§ Provided material
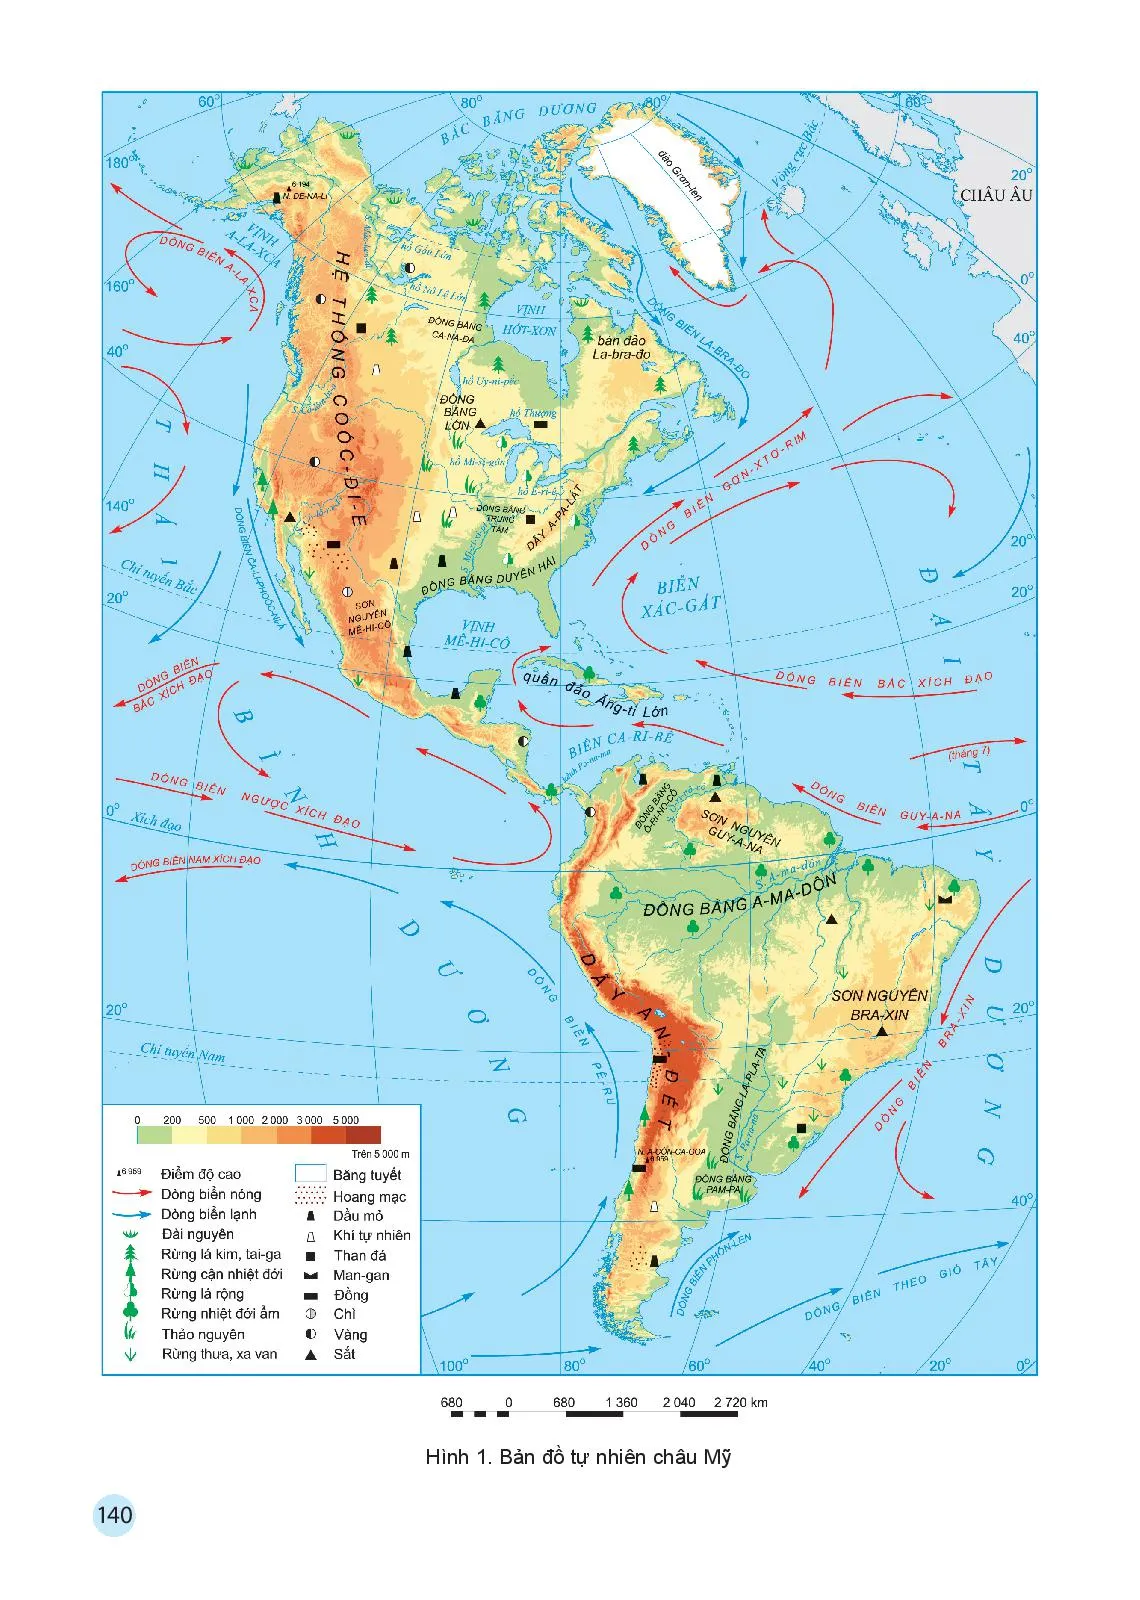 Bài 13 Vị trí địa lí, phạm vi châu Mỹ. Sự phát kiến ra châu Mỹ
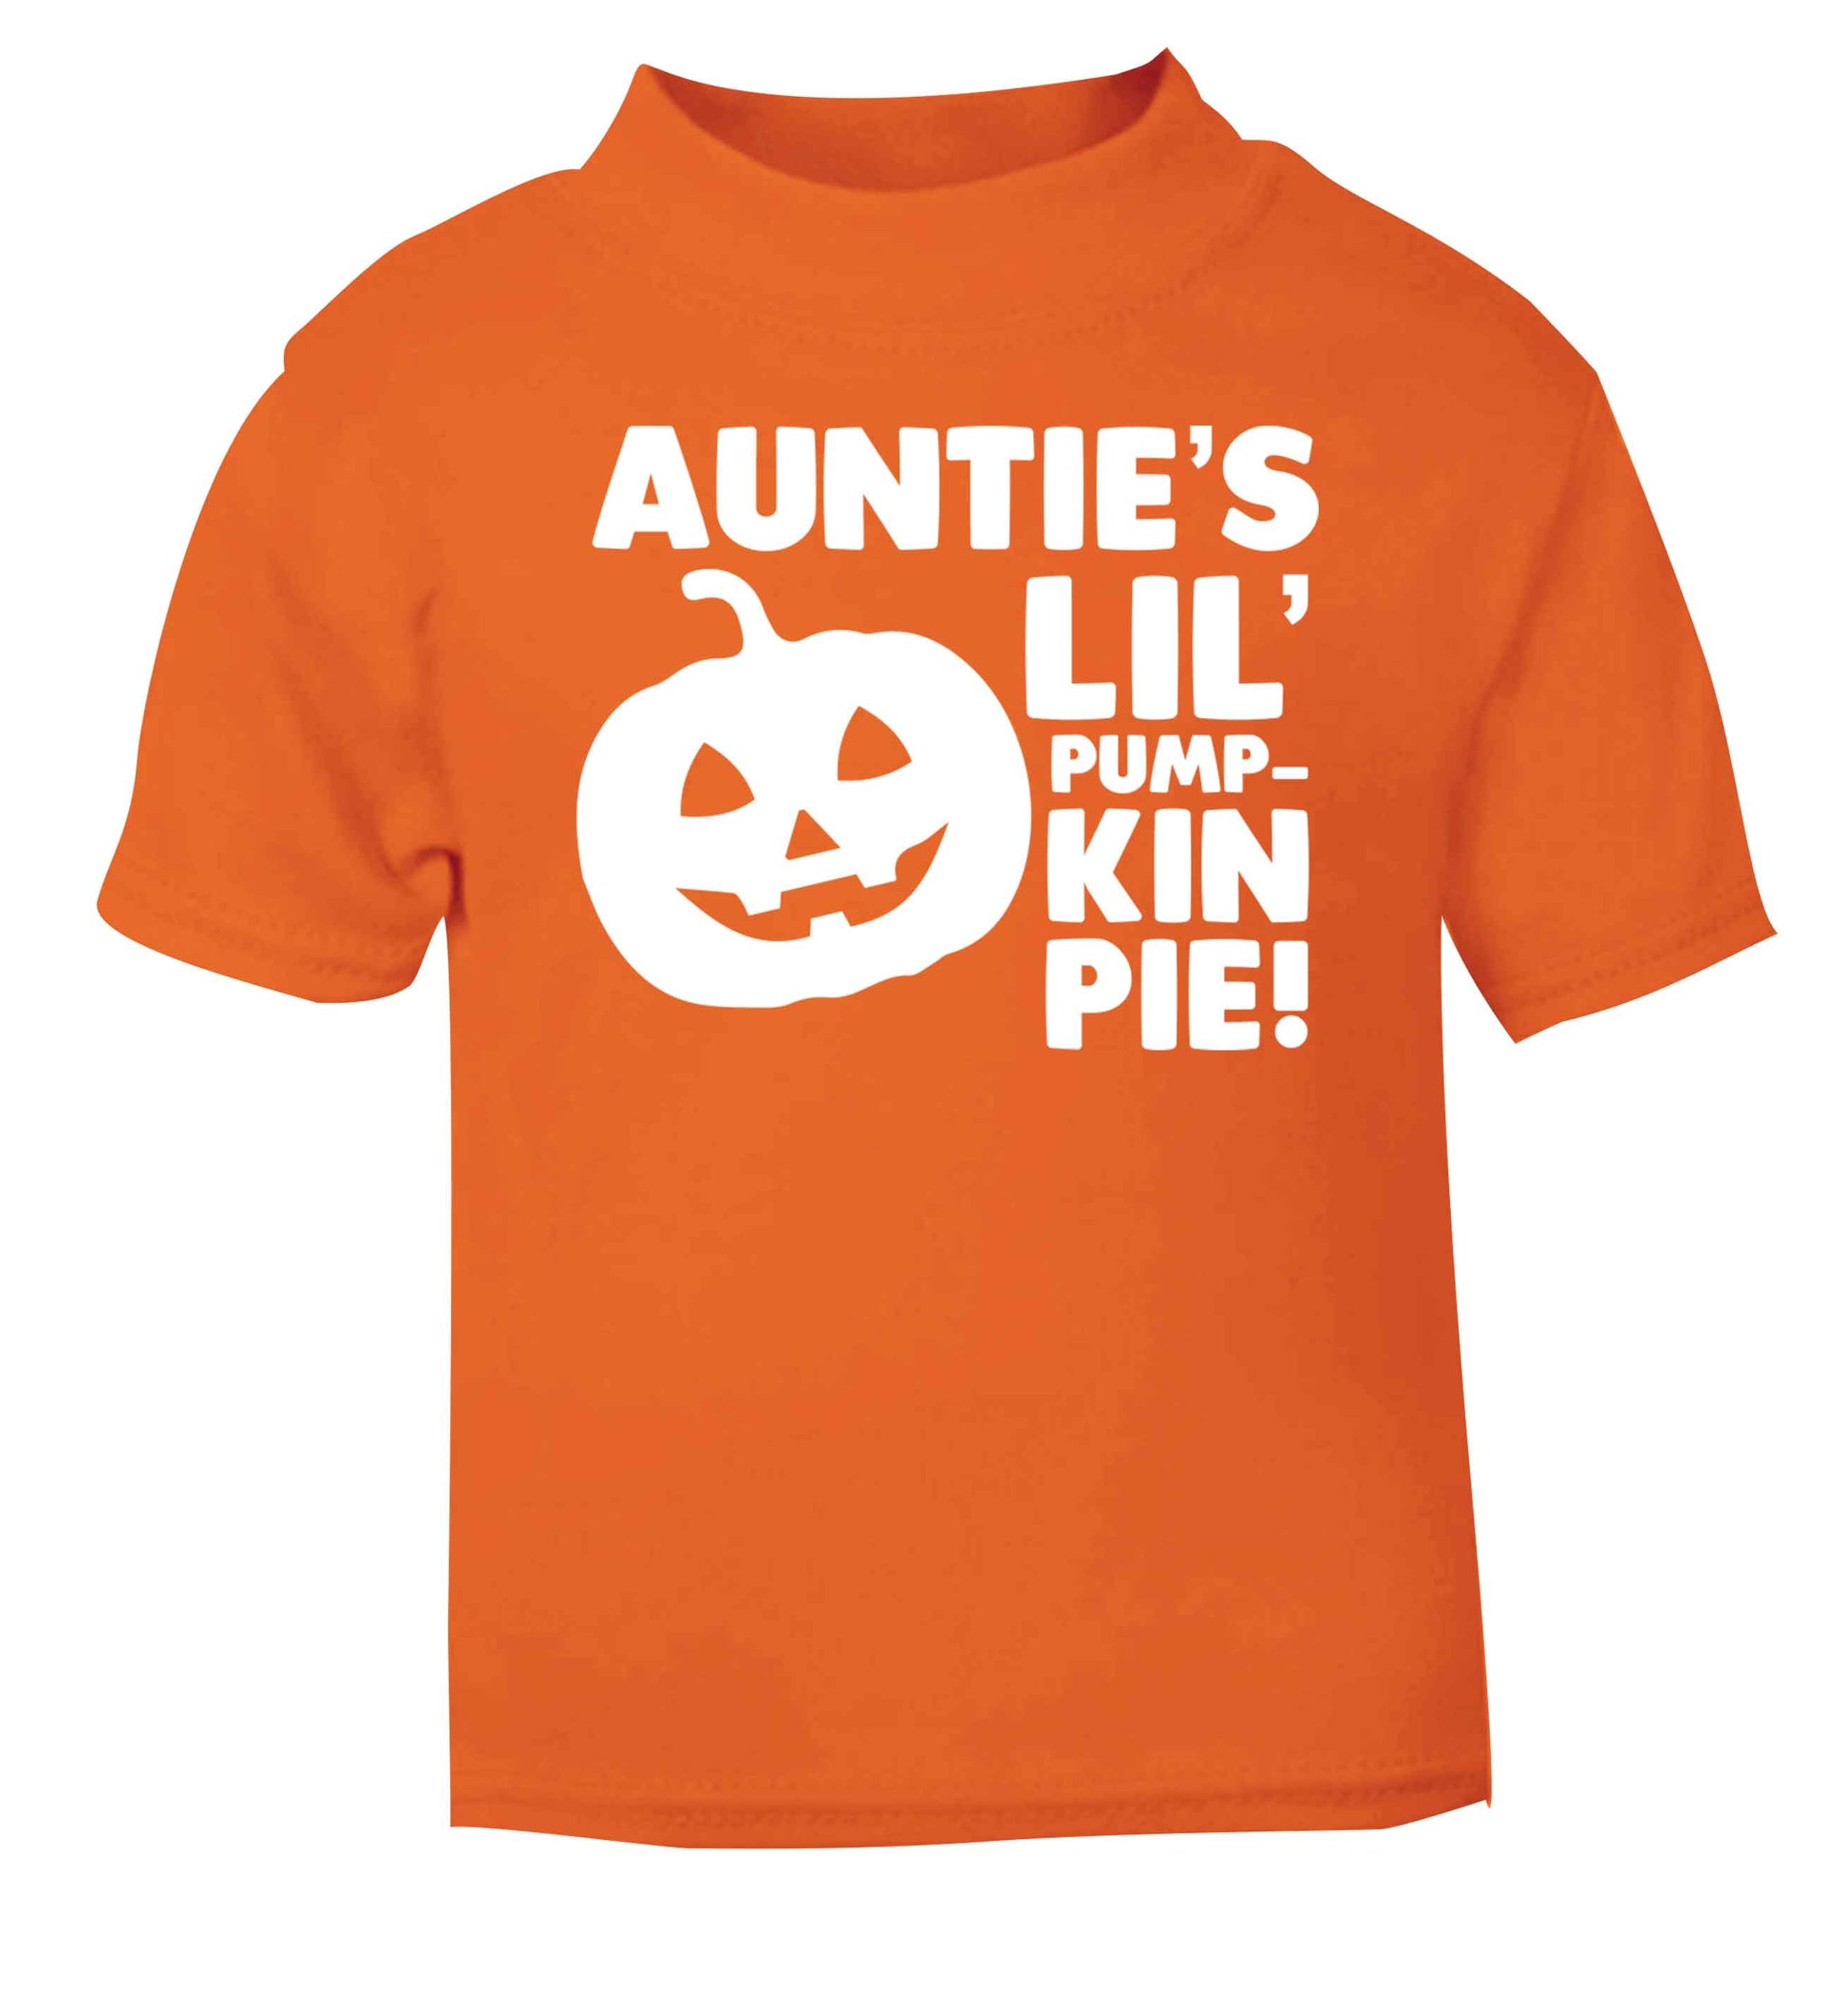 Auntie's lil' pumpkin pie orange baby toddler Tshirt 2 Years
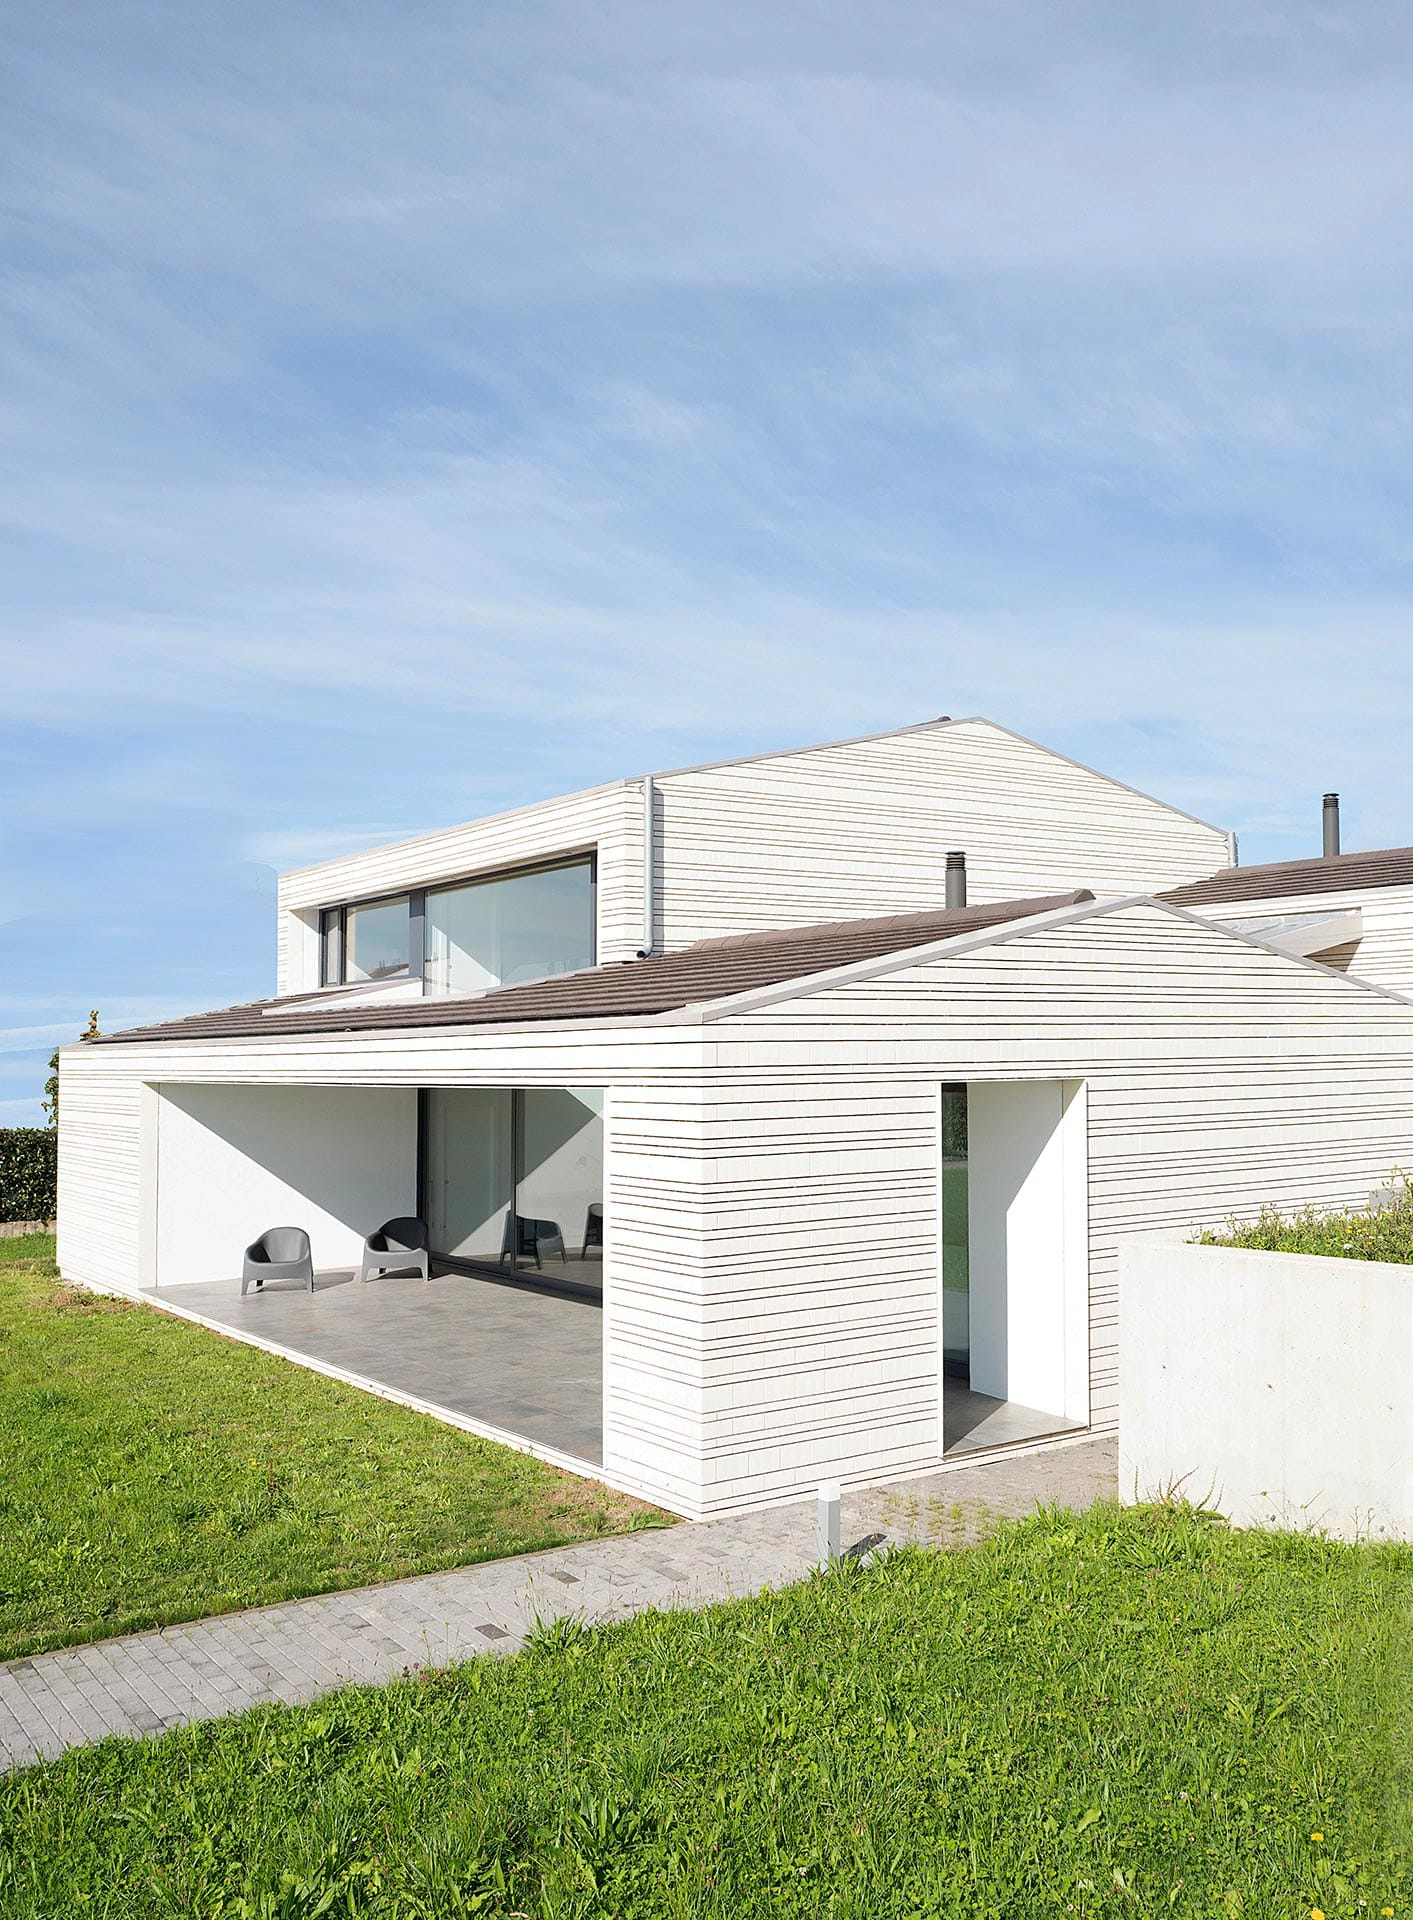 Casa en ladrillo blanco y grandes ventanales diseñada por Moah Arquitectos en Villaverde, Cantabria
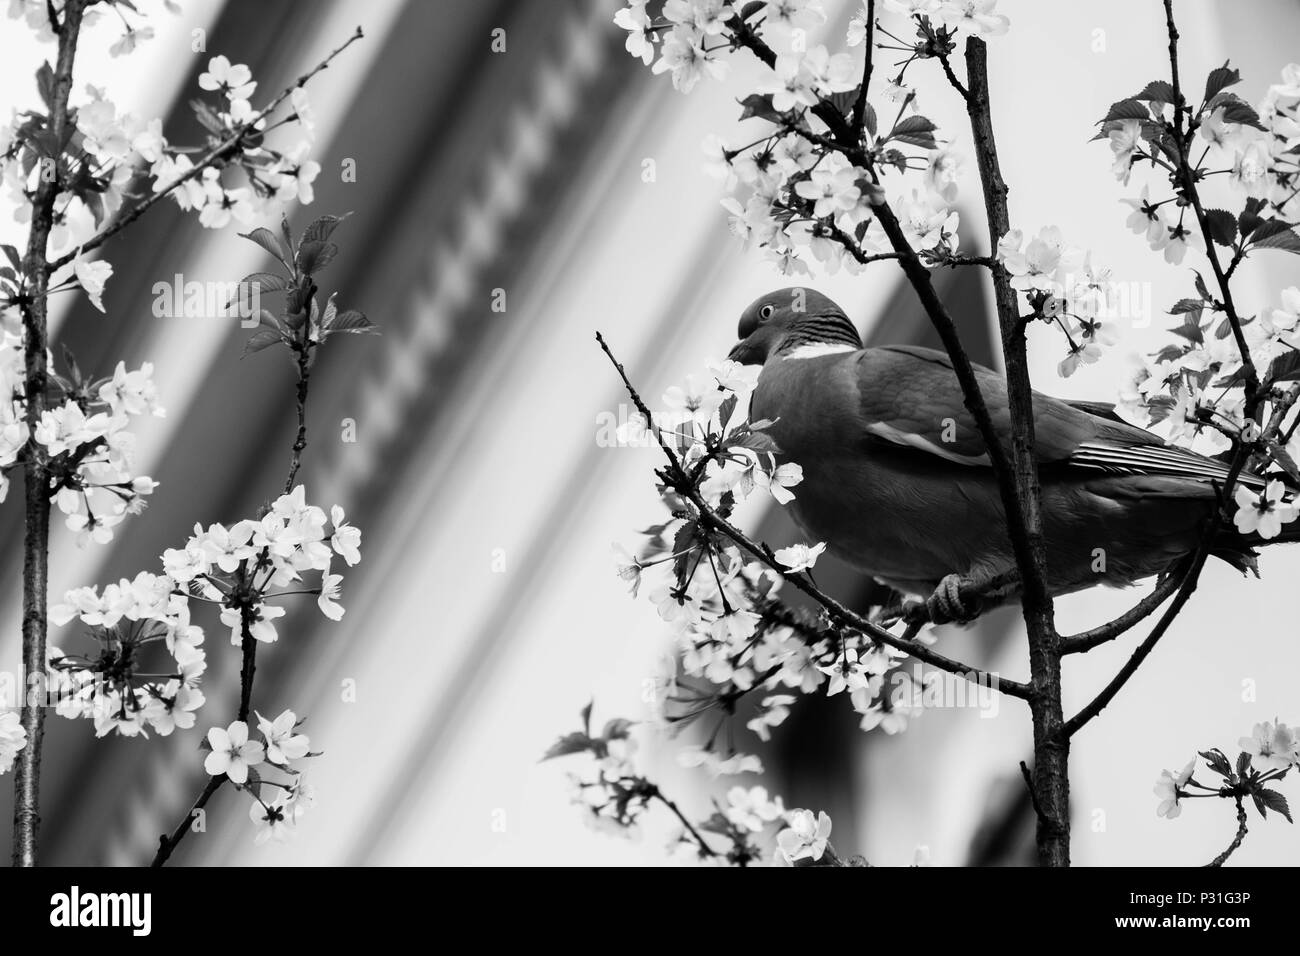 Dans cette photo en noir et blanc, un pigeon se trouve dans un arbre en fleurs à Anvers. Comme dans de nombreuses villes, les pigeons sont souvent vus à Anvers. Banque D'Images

§ Assignment
The entire listing above is to be copied exactly, with all pictures omitted.

§ Solution to the problem
 Bài 13 Vị trí địa lí, phạm vi châu Mỹ. Sự phát kiến ra châu Mỹ
 Auntie's lil' pumpkin pie orange baby toddler Tshirt 2 Years
 Casa en ladrillo blanco y grandes ventanales diseñada por Moah Arquitectos en Villaverde, Cantabria
 Dans cette photo en noir et blanc, un pigeon se trouve dans un arbre en fleurs à Anvers. Comme dans de nombreuses villes, les pigeons sont souvent vus à Anvers. Banque D'Images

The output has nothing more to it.